Ceci ne devrait pas être une surprise puisqu'il ne s'agit que de l'affirmation d'une tendance déjà observée par le passé. On pourra y mettre en parallèle quelques changements dans la façon de fonctionner de certains éditeurs de comics vis à vis du "direct market" (celui qui concerne les comic shops). Ainsi, l'abandon du format single issue chez Image Comics pour certains titres, qui passent directement en album, n'a pas qu'un argument matériel : il permet à ces titres d'aller dès le départ en dehors des comicshops, là où se trouvera leur public cible.

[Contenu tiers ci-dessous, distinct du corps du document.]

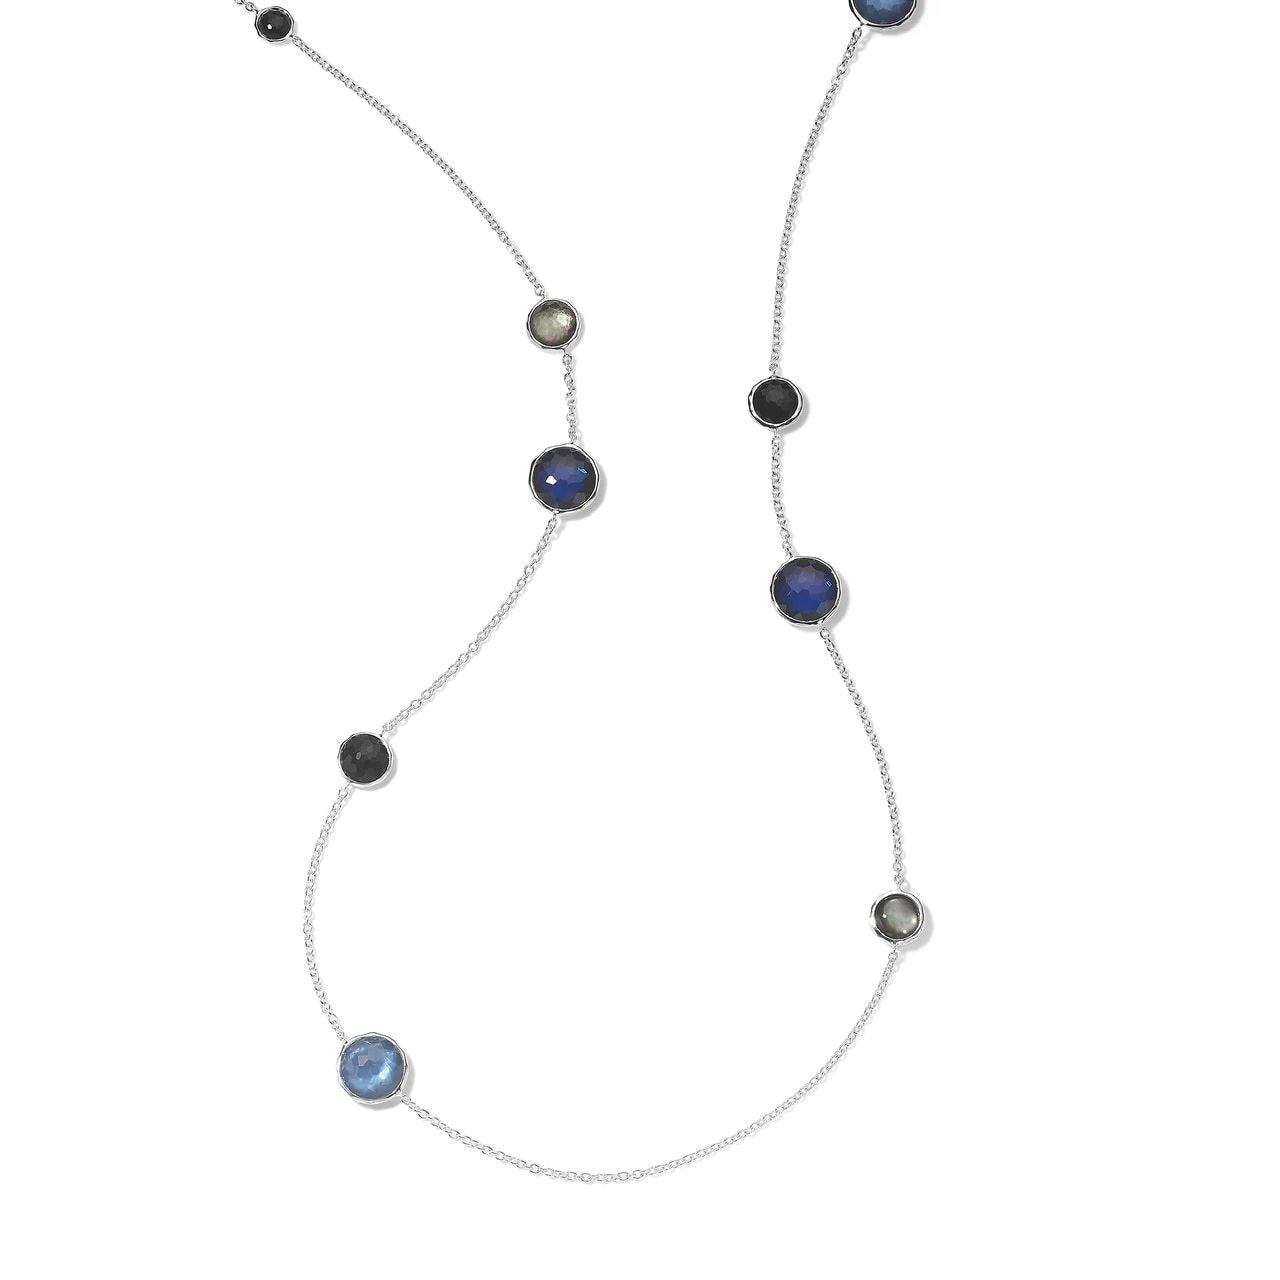 IPPOLITA Wonderland Sterling Silver Station Necklace in Astro Colorway

Si le marché des boutiques spécialisées génère encore 30% du chiffre d'affaire total, il ne faut pas se leurrer sur un certain nombre de difficultés des éditeurs - et des enseignes - à renouveler leur lectorat, et surtout à fidéliser sur la base du comicbook sérialisé. Les questions du prix des single issues, des politiques marketing sur les variantes, numéros spéciaux, et autres mécaniques de relaunch chez les Big Two seront forcément remises en cause, alors qu'en parallèle l'offre indé' se montre toujours plus importante (cette année AWA Studios s'est lancé sur le marché, après les arrivées successives d'Ahoy Comics et TKO Studios, qui ont tous cherché à s'adapter au modèle d'édition classique).
En définitive, les chiffres de Comichron permettent d'attester d'une bonne santé générale du marché, qui montre ses limites dès lors que l'on s'intéresse aux circuits et aux formats responsables des majorités des ventes de comics sur le territoire nord-américain. Avec la fin (temporaire ?) du règne de Diamond Comics sur le direct market et les perturbations importantes du marché dues à la crise du coronavirus, nul doute que le bilan 2020 présentera autant d'intérêt à l'analyse qu'il nécessitera de nombreux éléments supplémentaires à prendre en compte pour ne pas s'y fourvoyer en la réalisant.